Print every line of the material below exactly as it stands, but omit the pictures.

===== DATA =====

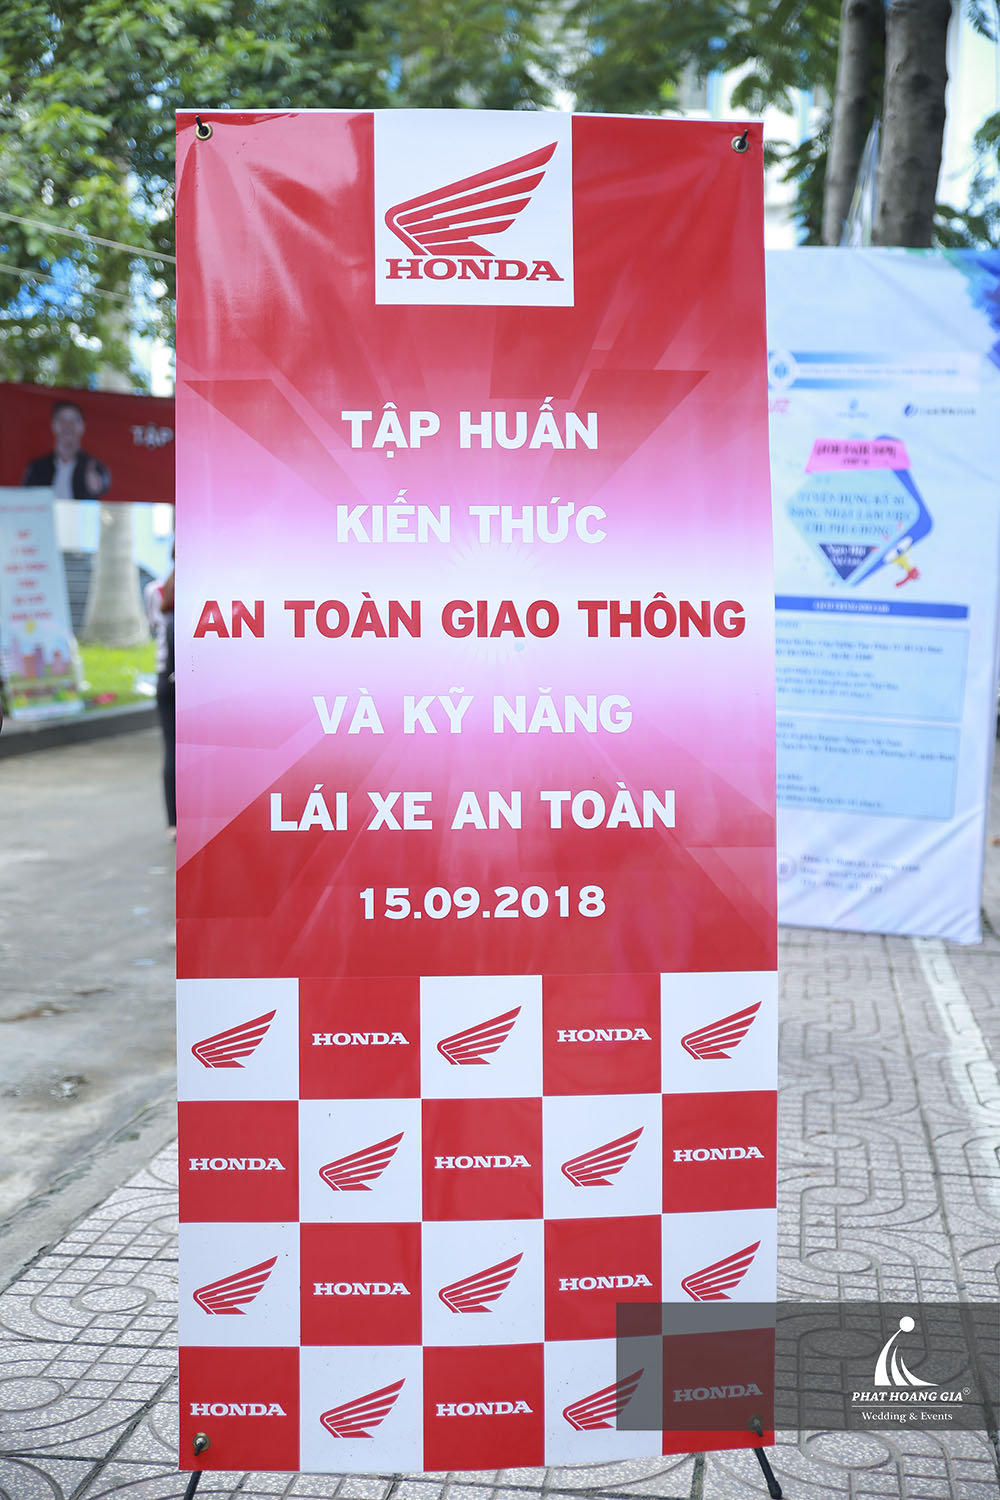 Ngày hội 4s - Head Honda Quang Khánh
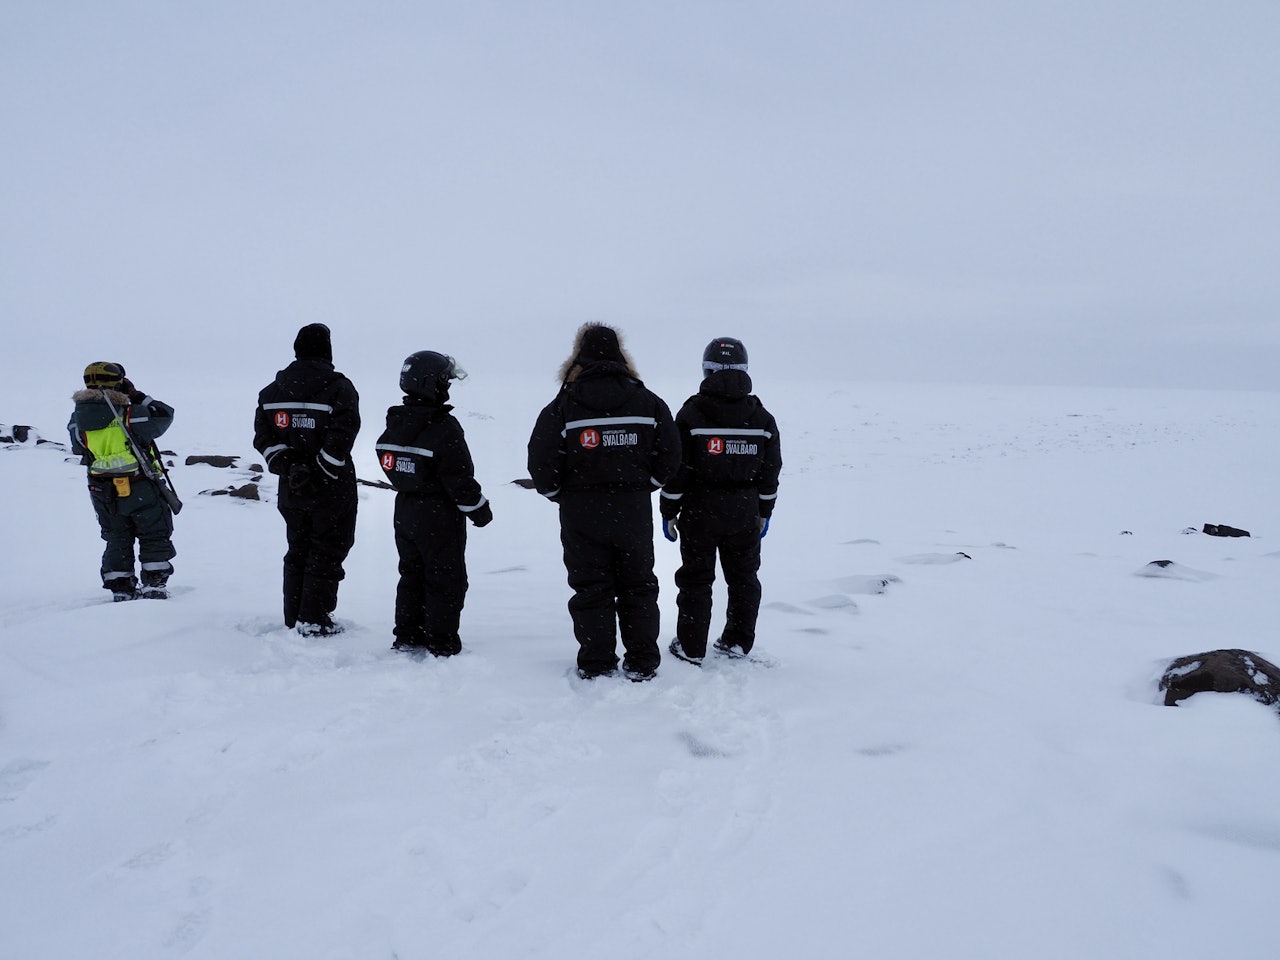 SPEIDER ETTER ISBJØRN: Vi prøver å få øye på isbjørn ute i Mohnbukta, og litt senere så vi den faktisk. Foto: Lisa Kvålshaugen Bjærum
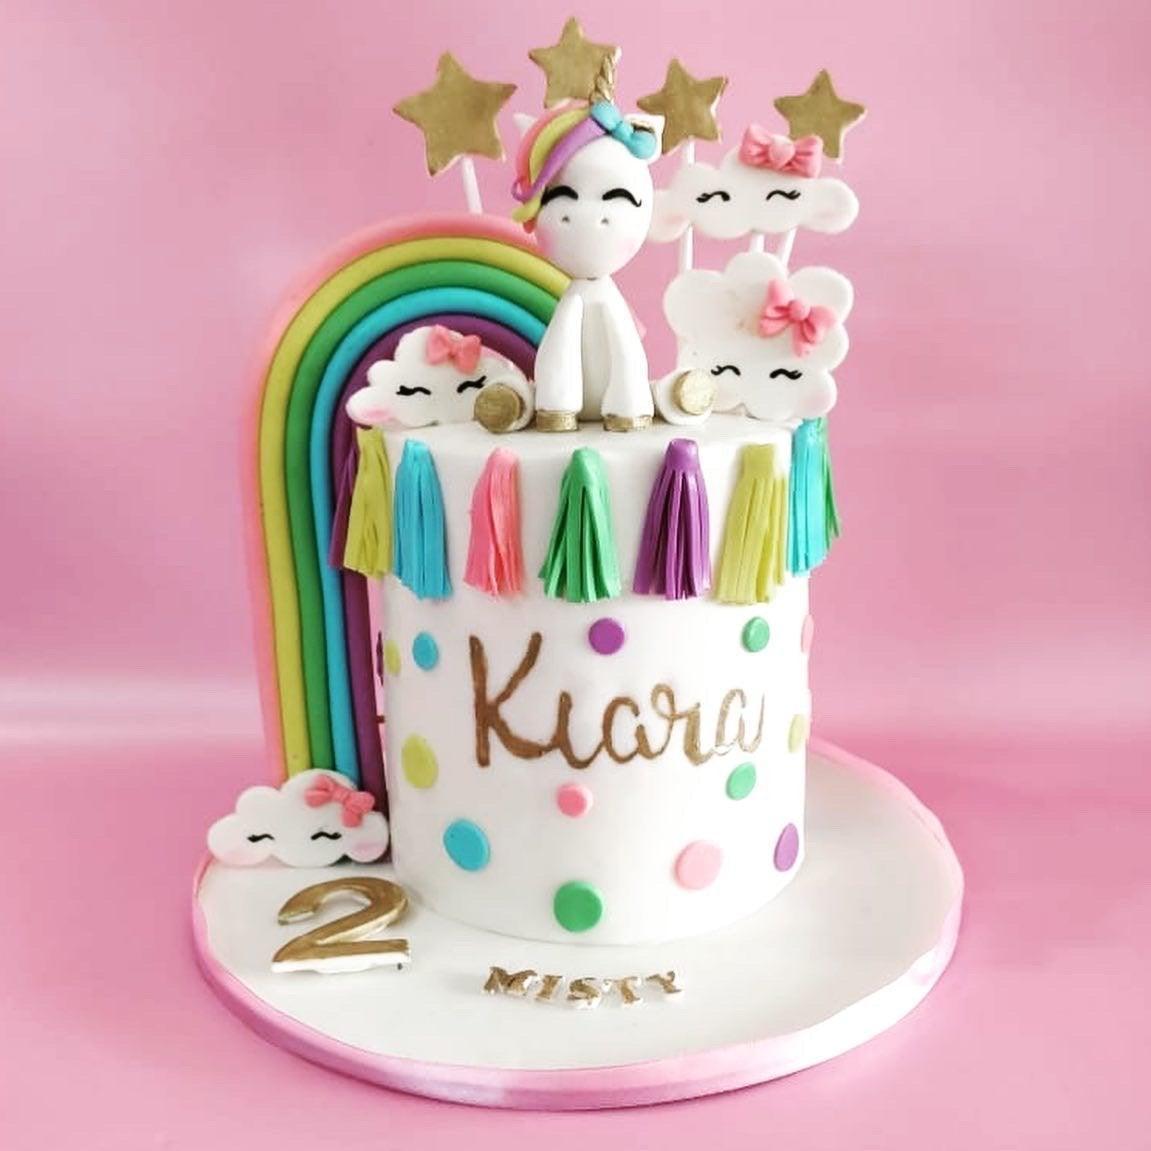 Rainbow Unicorn Cake | Customised cakes by Kukkr India

=====

• [OUTPUT OF THE EXERCISE]
 Ngày hội 4s - Head Honda Quang Khánh
 SPEIDER ETTER ISBJØRN: Vi prøver å få øye på isbjørn ute i Mohnbukta, og litt senere så vi den faktisk. Foto: Lisa Kvålshaugen Bjærum
 Rainbow Unicorn Cake | Customised cakes by Kukkr India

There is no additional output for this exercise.